A retrospective reviewed medical records of 328 patients with obstetric fistula were carried out at MHFC. Multivariable logistics regression analysis was conducted, a significant association was declared when the p-value was less than 0.05, and the strength of the association was determined by computing the odds ratio at 95% CI. The analysis was done using SPSS version 24.

RESULTS

Obstetrics fistula patients who had formal education were 13% more likely to be successfully repaired than obstetrics fistula patients who had no formal education. Additionally, obstetrics fistula patients who had a live birth were 32.325 (exp (β) = 32.325) times more likely to have had a successful repair than those who had a stillbirth.

CONCLUSION

Fistula closure was achieved in 89.3% of cases.

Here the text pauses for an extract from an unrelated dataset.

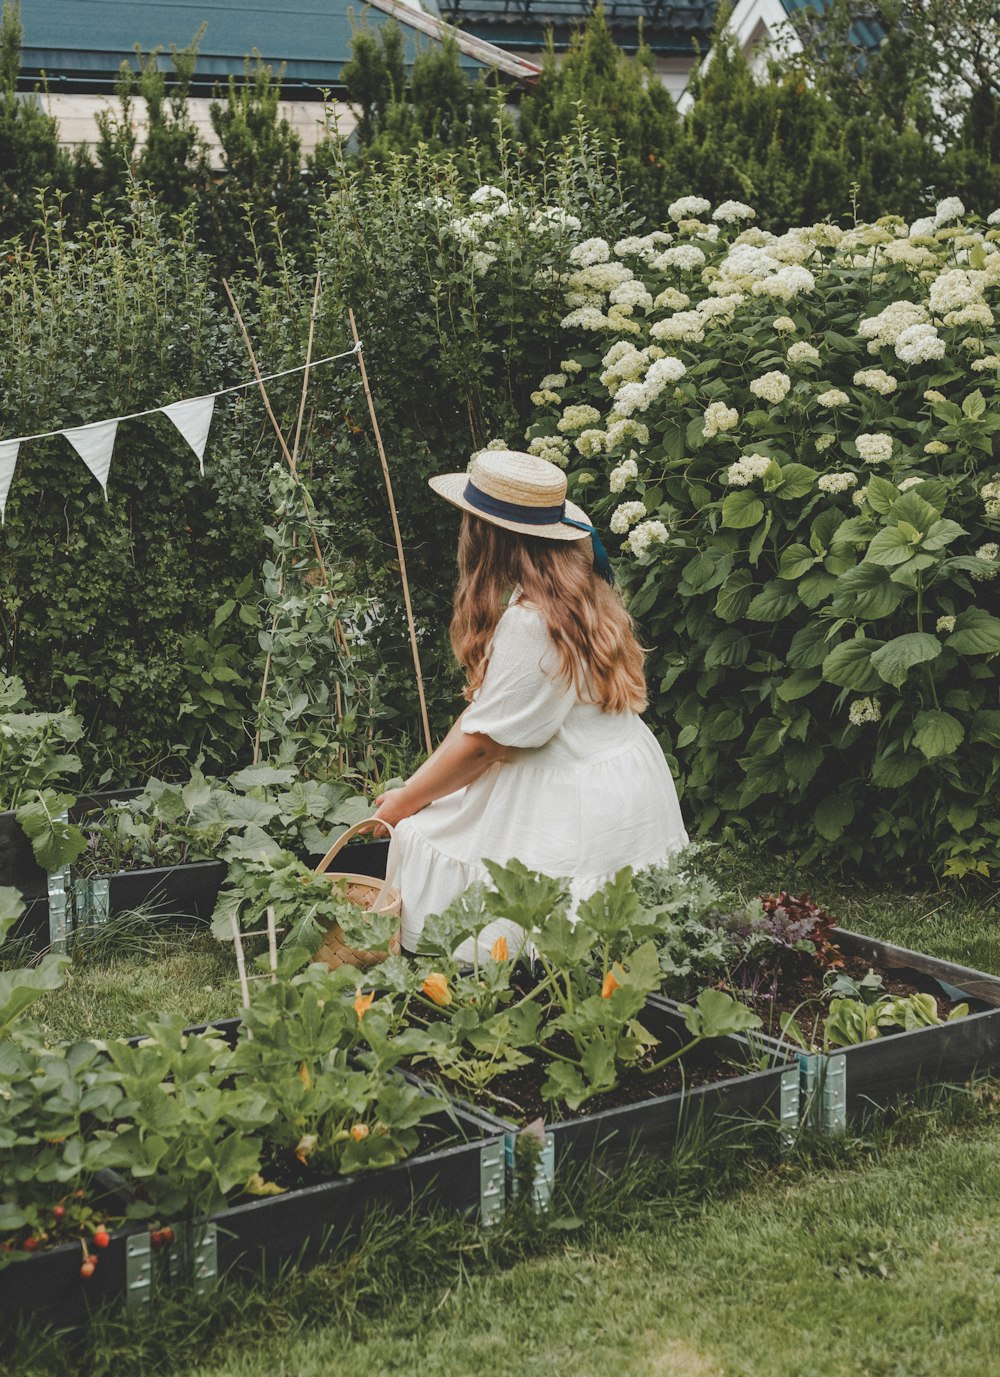 a woman in a white dress and hat tending to a garden
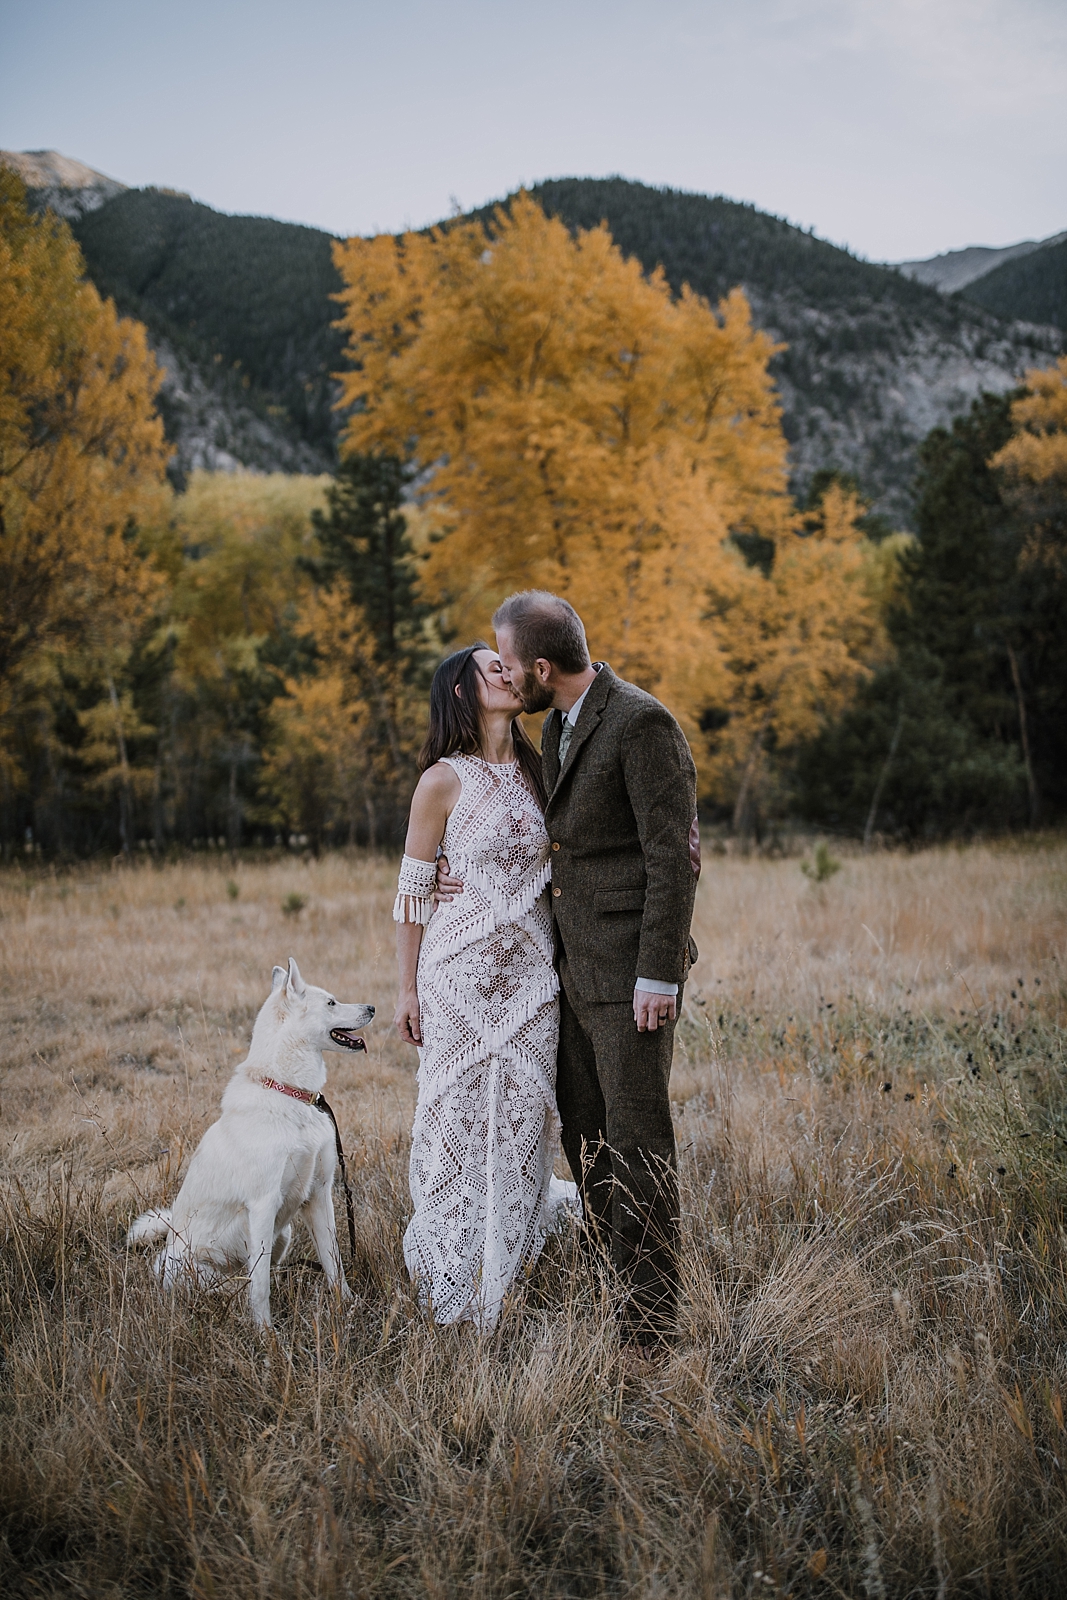 blue eyed husky, couple hiking, norway elopement, post elopement celebration, wedding in the woods, buena vista elopement, buena vista wedding, nathrop colorado wedding, elope with your dog

The success rate for VVF (vesico-vaginal fistula) and RVF (recto-vaginal fistula) surgical repair was 86.9% and 100% respectively, which is higher than the WHO target. Body mass index between 18.5-24.9 kg/m, formal education, antibiotic use, live birth, large fistula size, and home and cesarean delivery were predictors of successful closure of obstetric fistula.

摘要

背景

产科瘘是一种涉及阴道和膀胱或阴道和直肠之间开口的医学病症。2010 年至 2013 年,埃塞俄比亚每年平均约有 2000 名妇女接受产科瘘手术。产科瘘修复的成功率和失败率因中心而异,由许多因素决定。因此,本研究旨在评估梅开勒·哈林瘘管中心(MHFC)产科瘘修补术的预测因素和结果。

方法

对 MHFC 328 例产科瘘患者的回顾性病历进行了多变量逻辑回归分析。当 p 值小于 0.05 时,宣布存在显著关联,并通过计算 95%CI 中的优势比来确定关联的强度。使用 SPSS 版本 24 进行分析。

结果

接受过正规教育的产科瘘患者比未接受过正规教育的产科瘘患者成功修复的可能性高 13%。此外,活产的产科瘘患者成功修复的可能性是死产患者的 32.325 倍(exp(β)=32.325)。

结论

89.3%的病例实现了瘘管闭合。阴道瘘(VVF)和直肠阴道瘘(RVF)手术修复的成功率分别为 86.9%和 100%,高于世卫组织的目标。18.5-24.9kg/m 之间的体重指数、正规教育、抗生素使用、活产、大瘘管大小、家庭分娩和剖宫产是产科瘘成功闭合的预测因素。